== DATA ==
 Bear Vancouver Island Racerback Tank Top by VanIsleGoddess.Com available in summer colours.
==
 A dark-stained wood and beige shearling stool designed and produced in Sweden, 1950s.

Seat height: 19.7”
--
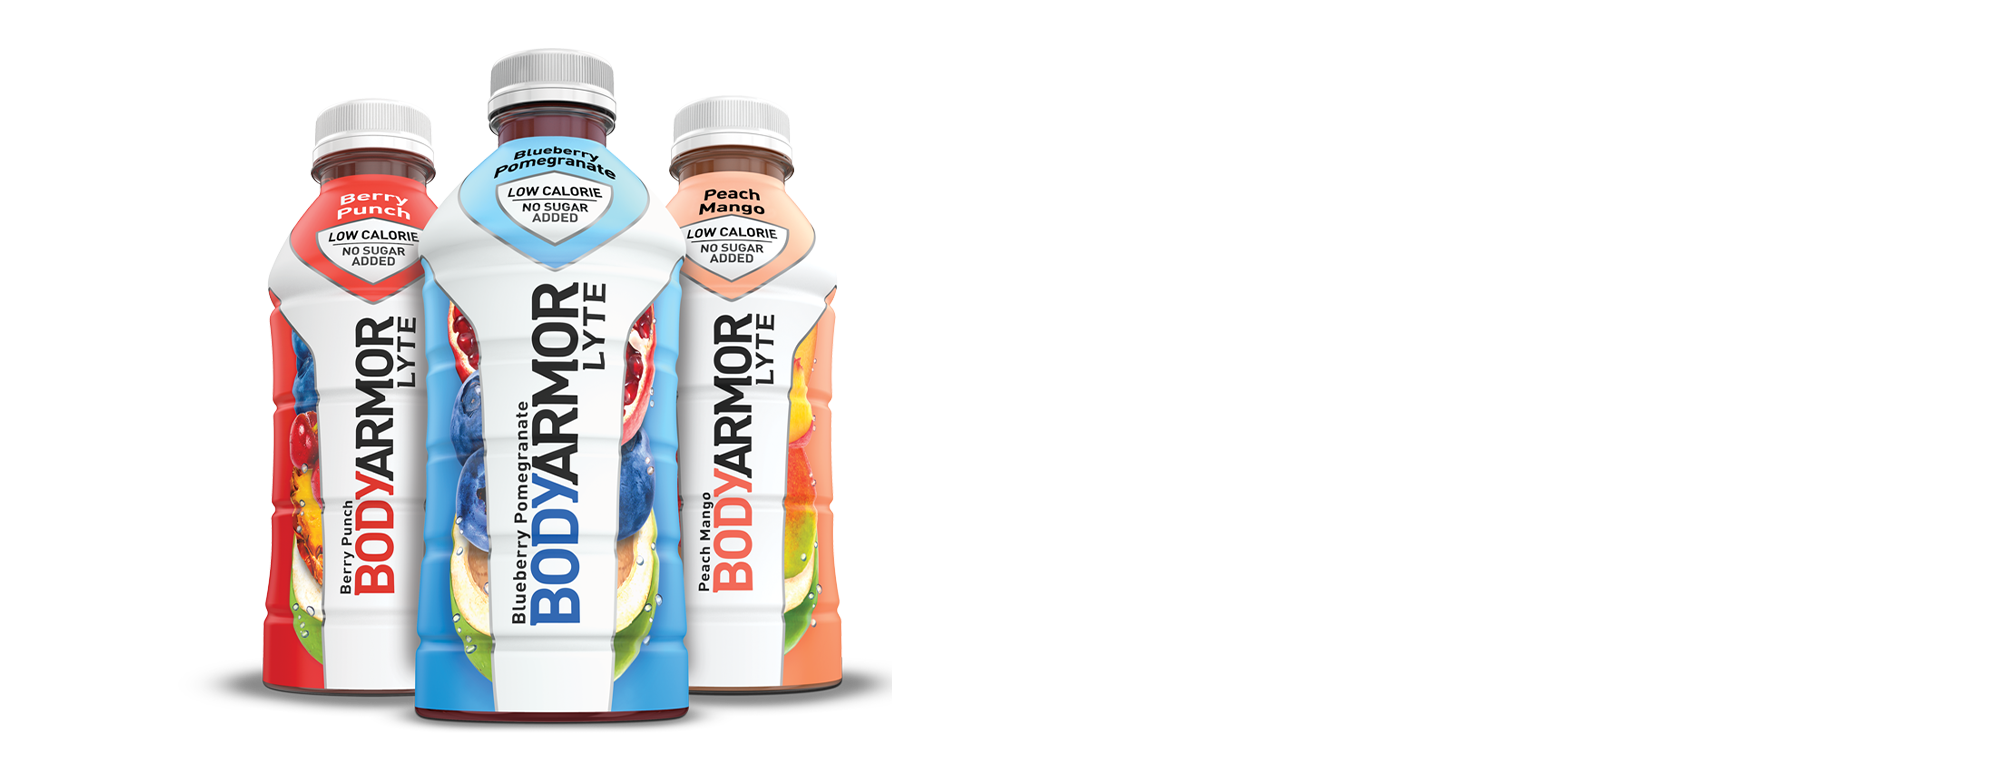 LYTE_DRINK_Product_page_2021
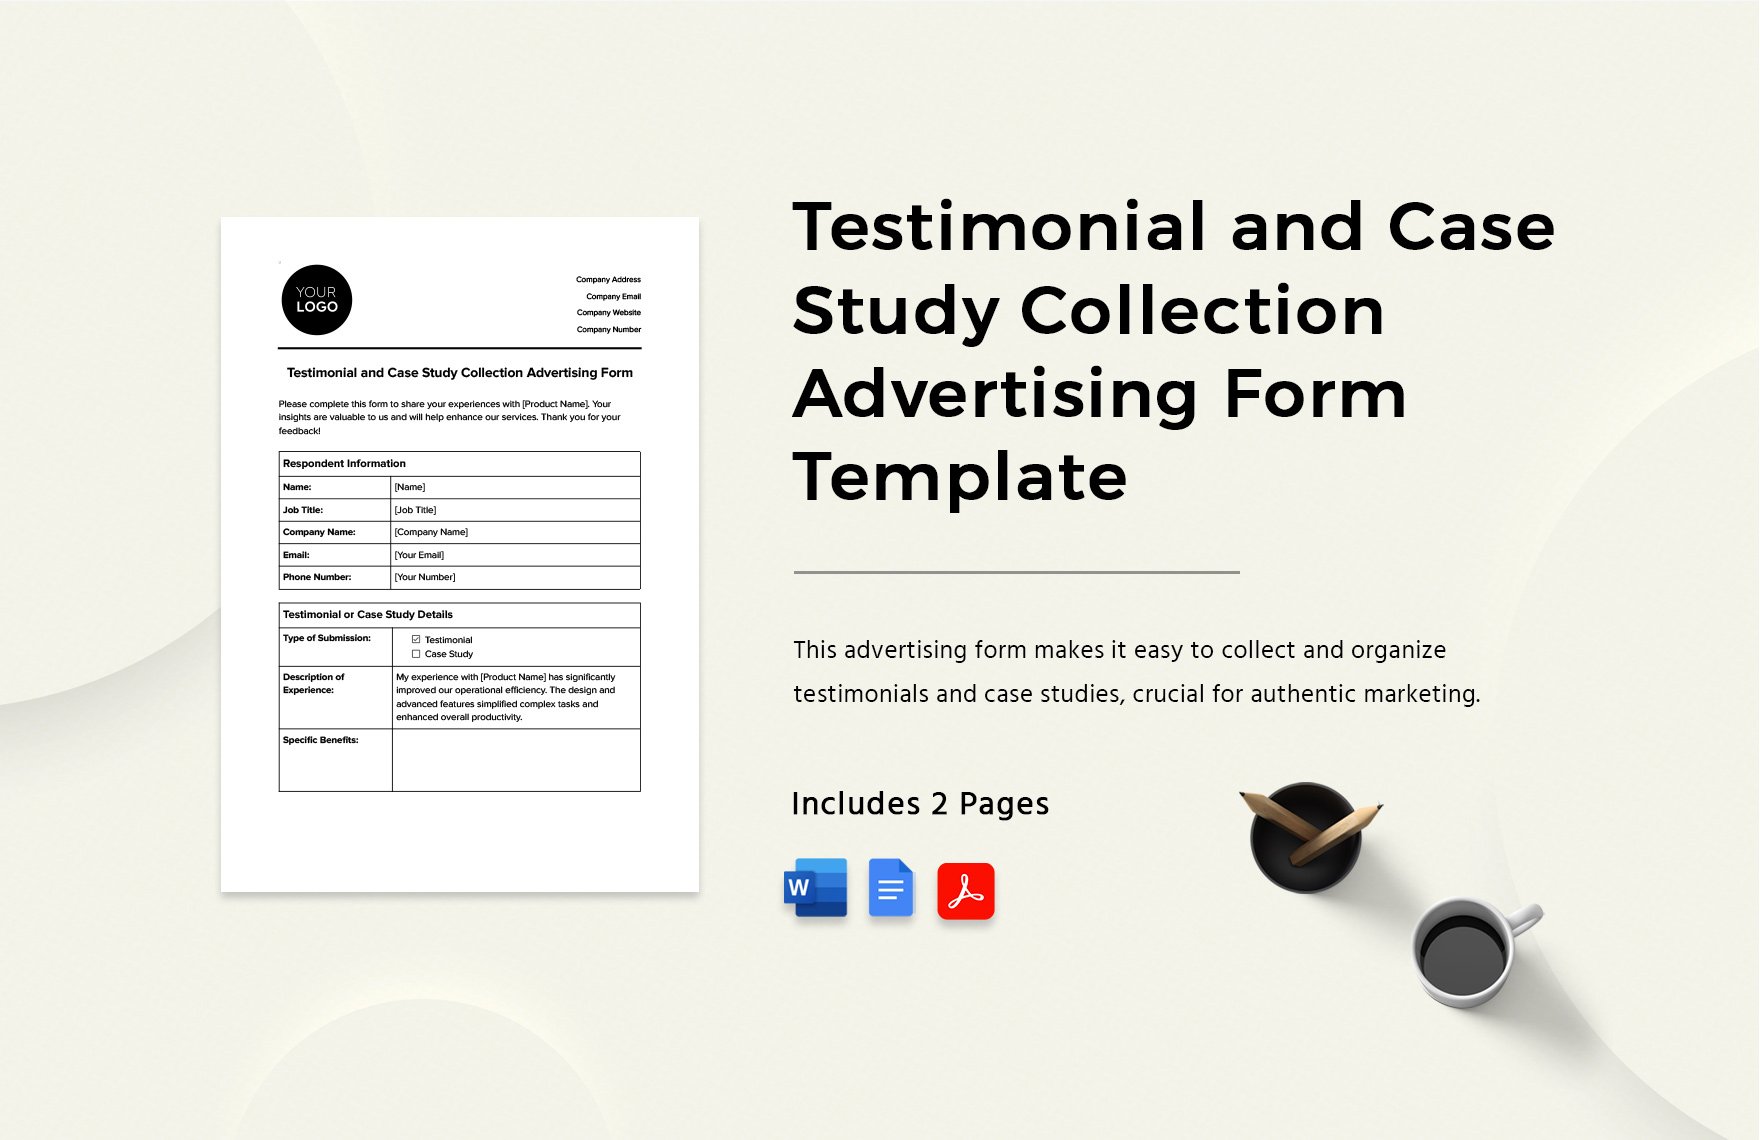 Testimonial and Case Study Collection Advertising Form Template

== EXERCISE DIRECTIONS ==
Starting at the line above that contains "LYTE_DRINK_Product_page_2021", transcribe every line exactly through the line that contains "Testimonial and Case", including that last one, and skip the pictures.

== RESULT ==
 LYTE_DRINK_Product_page_2021
 Testimonial and Case Study Collection Advertising Form Template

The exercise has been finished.